| TASK |
Pictures stay out of the copy, and everything else in the data below is repeated exactly.

| RAW DATA |

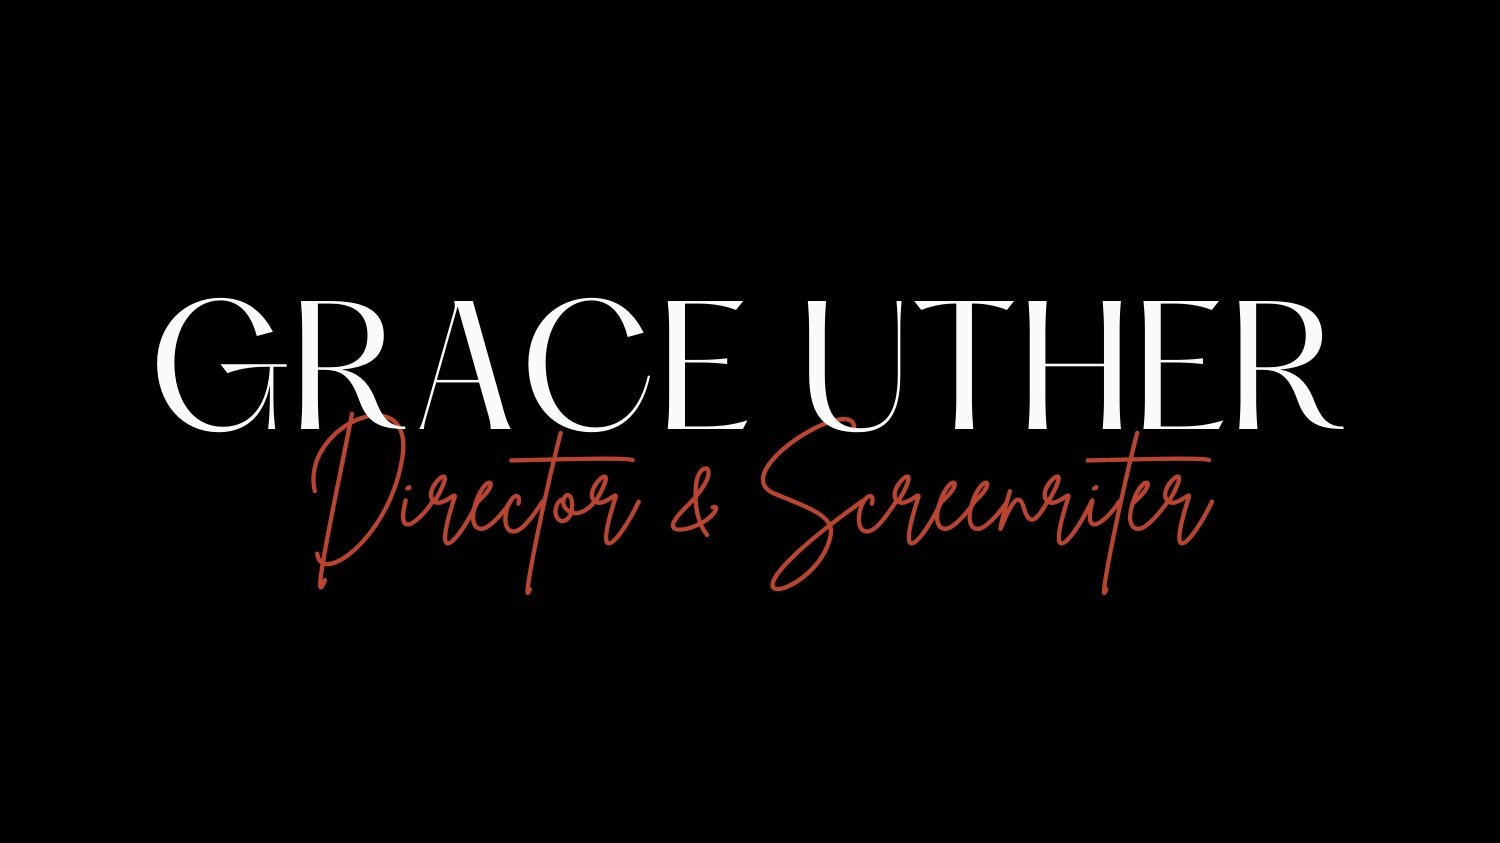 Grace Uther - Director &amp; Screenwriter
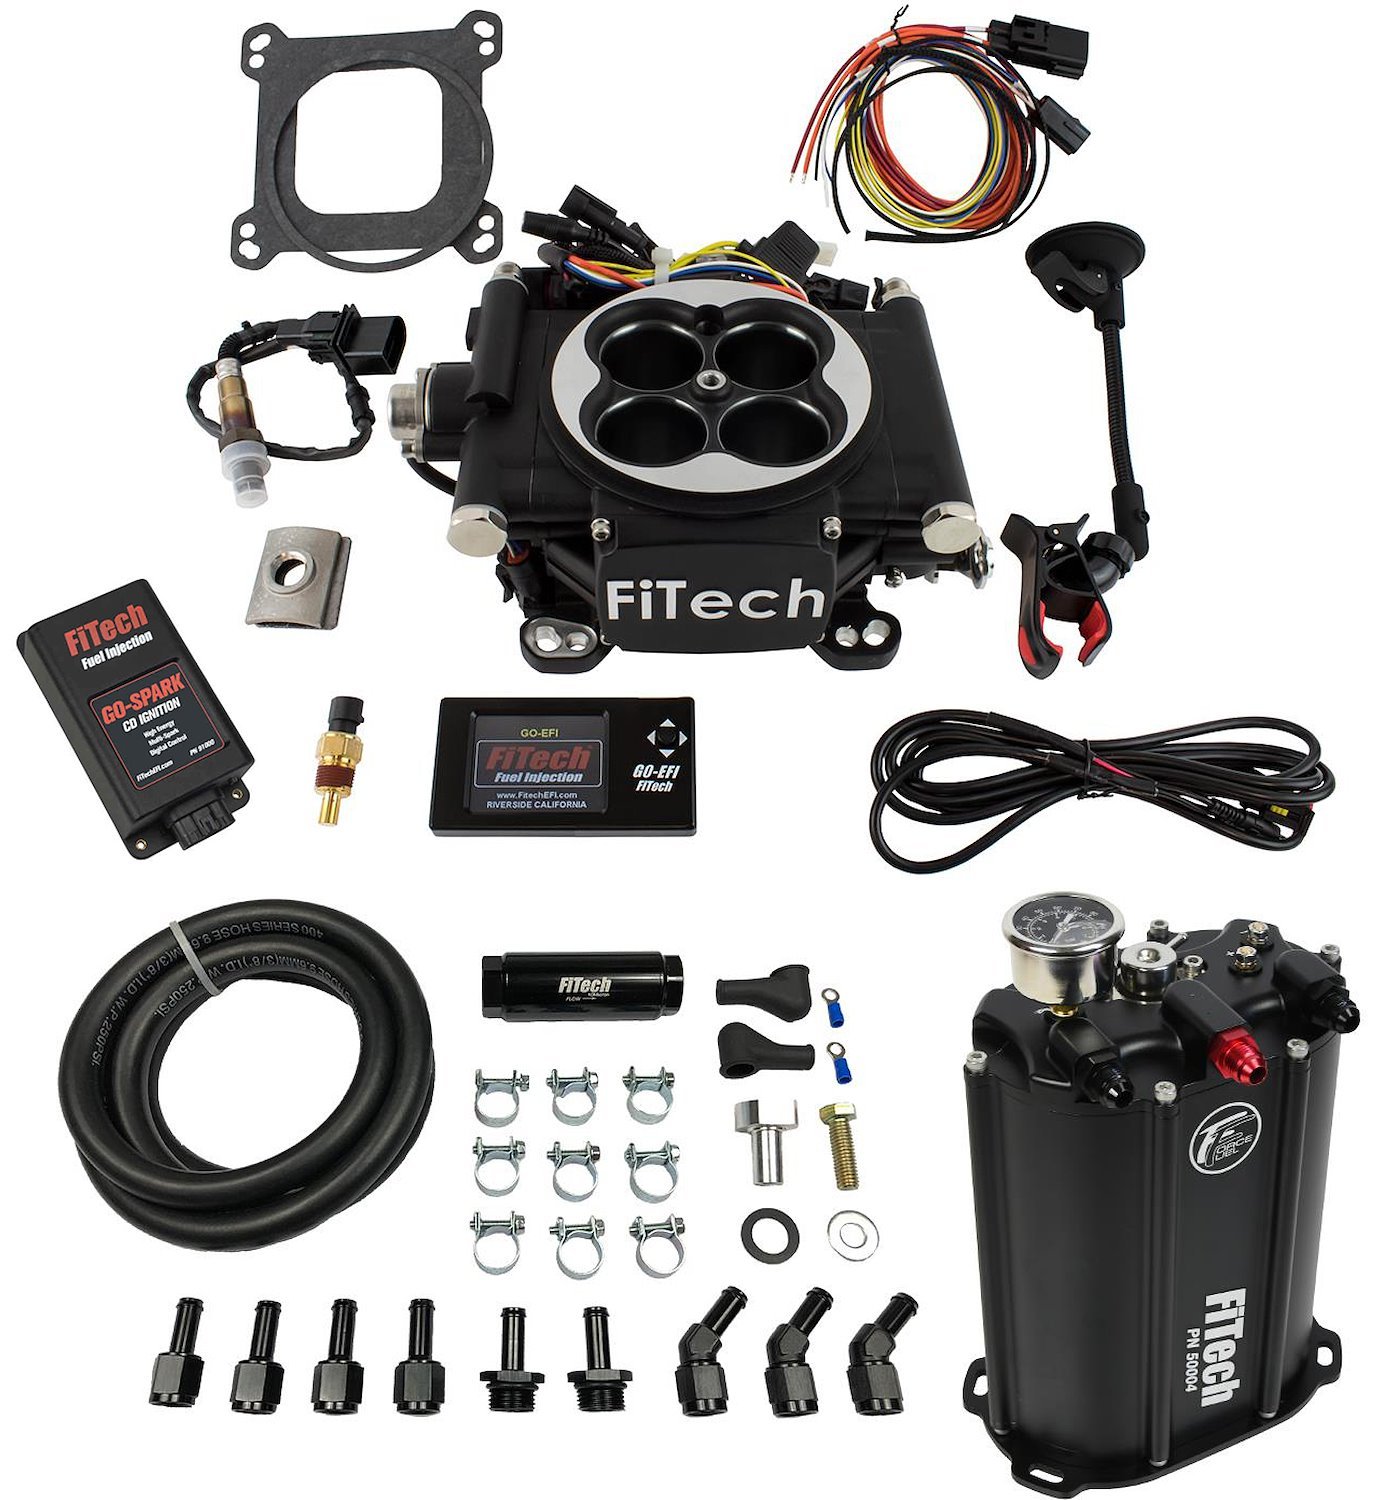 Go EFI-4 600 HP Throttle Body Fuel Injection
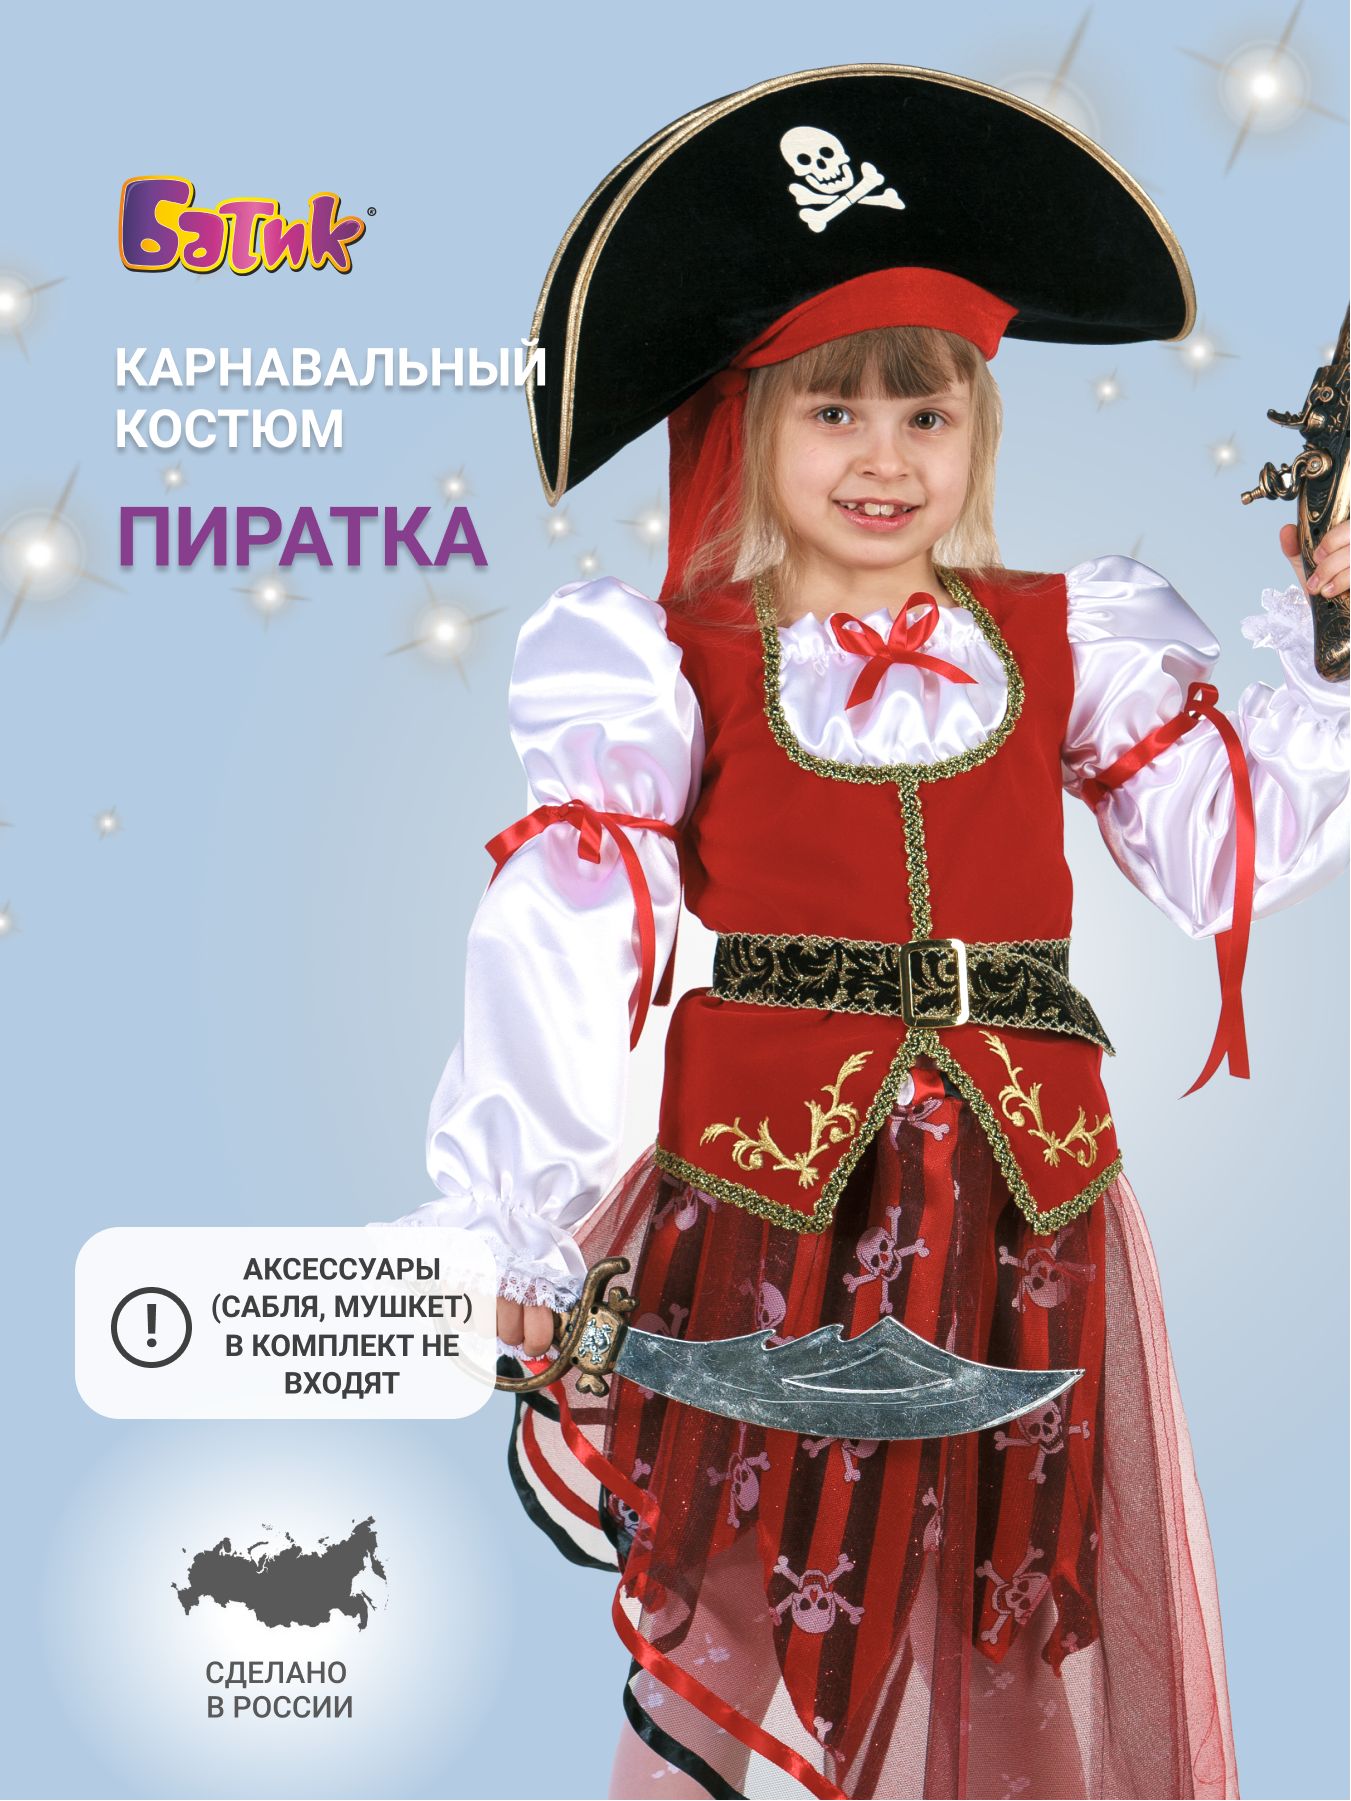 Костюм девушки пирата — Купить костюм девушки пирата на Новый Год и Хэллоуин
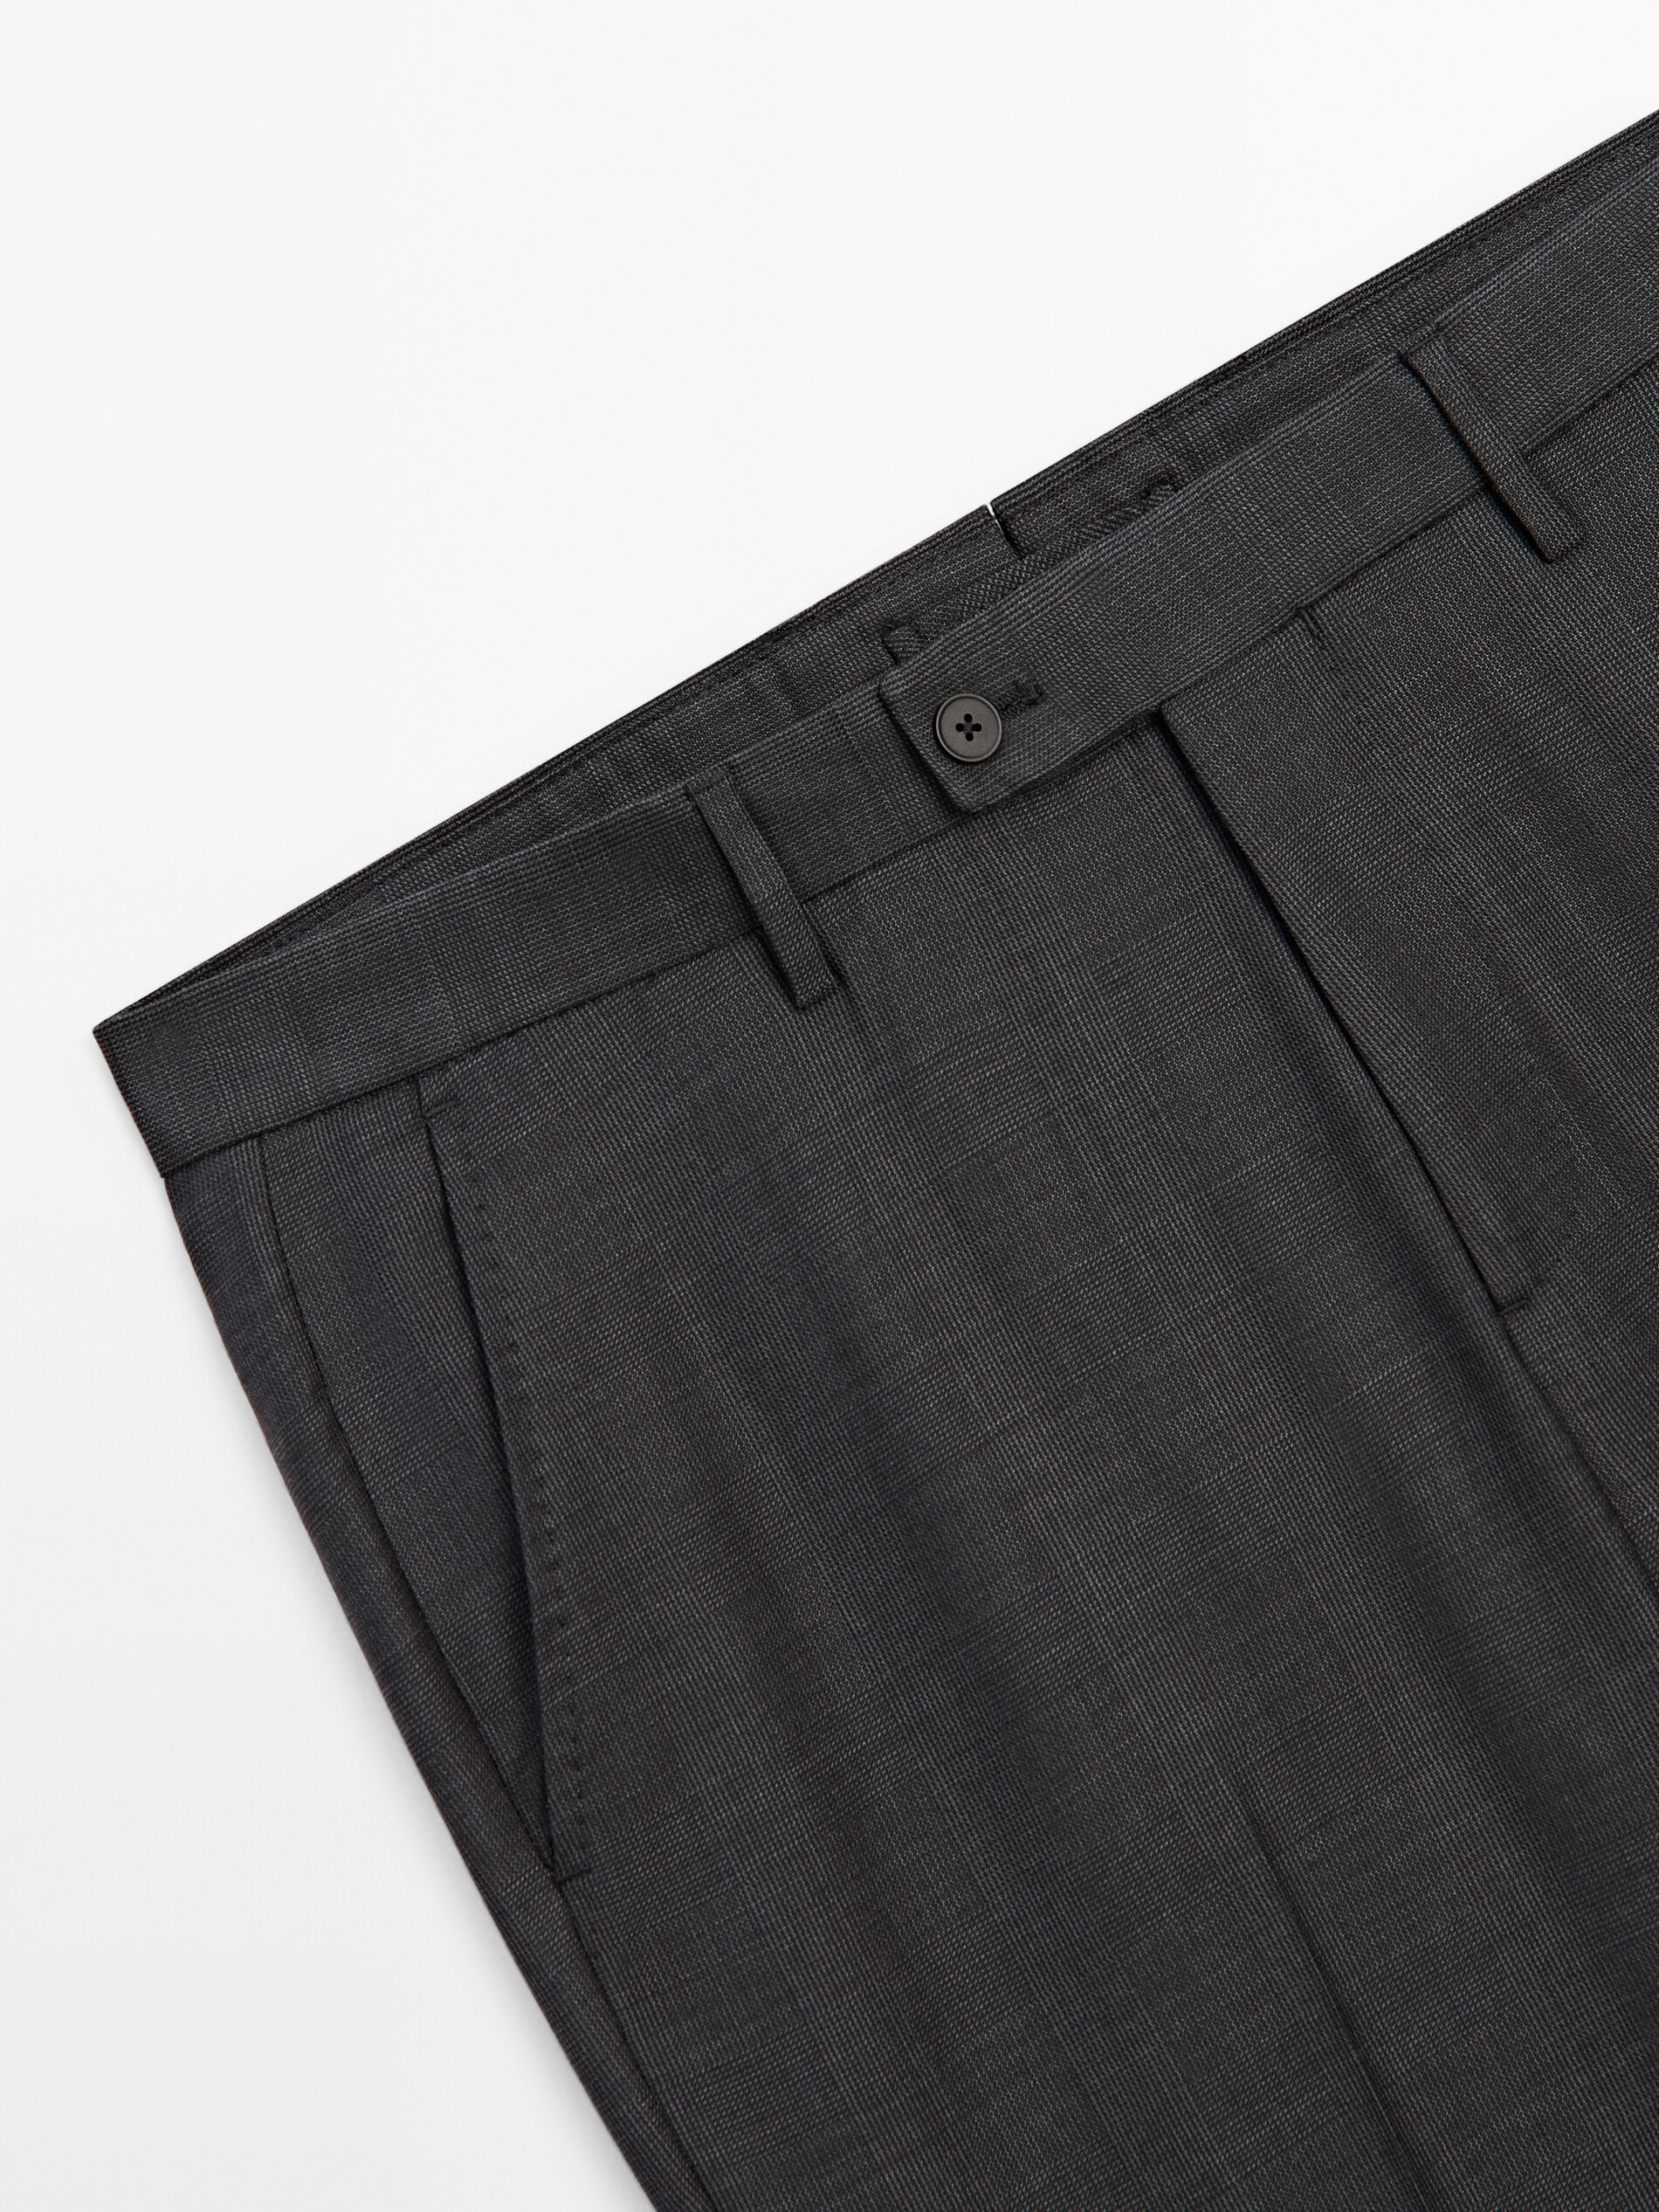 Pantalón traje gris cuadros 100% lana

| THE COMPLETED TASK |
 Grace Uther - Director &amp; Screenwriter
 Go EFI-4 600 HP Throttle Body Fuel Injection
 Костюм девушки пирата — Купить костюм девушки пирата на Новый Год и Хэллоуин
 Pantalón traje gris cuadros 100% lana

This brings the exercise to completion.